As part of his research, Gillon explored the multiple traumas that John survived in his young life and interviewed a psychologist at Columbia University who specialized in trauma.

“John experienced more death in his brief life than most people do,” Gilllon notes: his father’s assassination as the nation’s 35th president but also the killing of his uncle Robert Kennedy, among others.

 

“When you think about the trauma that John had, it’s not just his father’s assassination, it’s his uncle [RFK] who became like a father figure, and then Aristotle Onassis, who was his stepfather,” Gillon says. “The trauma is compounded by the fact that John leaves the only house he ever knew, the White House; they moved to four different homes in the year after the assassination.
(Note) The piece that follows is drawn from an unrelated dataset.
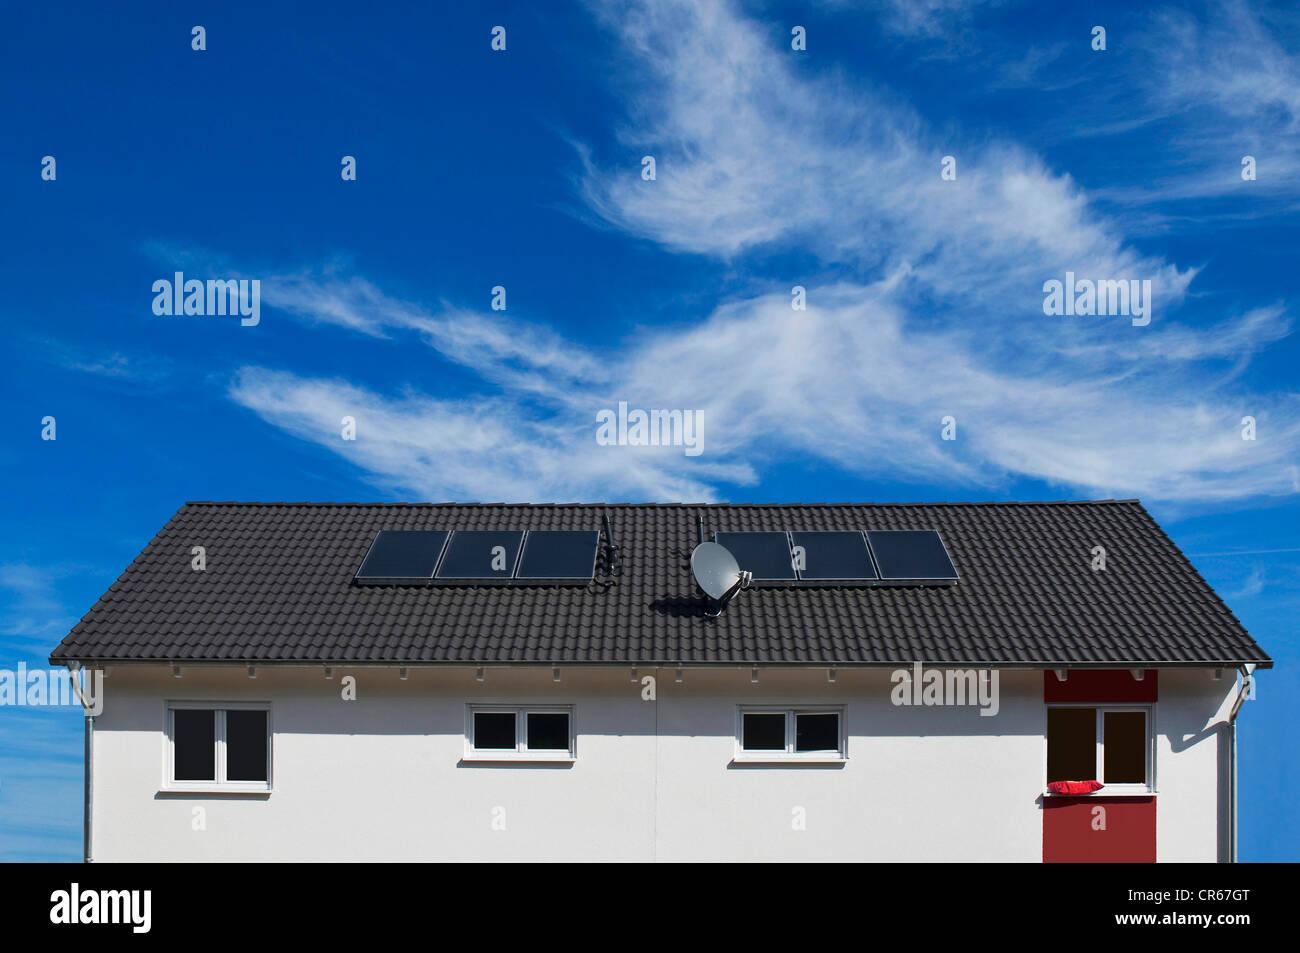 Immeuble résidentiel avec des panneaux solaires pour le chauffage de l'eau sur le toit, de la chaleur solaire, Photo Stock

And then there’s the Secret Service, a constant reminder of what happened to his father and that his own life might also be in danger.”

In speaking to the psychologist, Gillon hoped to understand how it may have affected John.

“What I learned was that one of the ways people respond to that type of trauma is to seek out danger,” he says. “Because they realize life can be snuffed out at any minute, they want to live life to the fullest. At the same time, they’re drawn to danger and the possibility of further trauma.”

From left: John F. Kennedy Jr. and Carolyn Bessette Kennedy
From left: John F. Kennedy Jr. and Carolyn Bessette Kennedy
JUSTIN IDE/GETTY

John, according to GIllon, “had escaped death and danger so many times. … I think John just always believed something was going to save him, but it just didn’t that night.”

Gillon stresses the purpose was not to psychoanalyze John but to better understand him.

“It’s just one possibility among many,” he says.

 

Now that so much time has passed, Gillons hopes his book will bring new understanding to John’s complex life.

“He will always be remembered for the promise that went unfulfilled,” says Gillon.

John, he says, should “be remembered for who he was: a complicated and an extraordinarily decent human being.”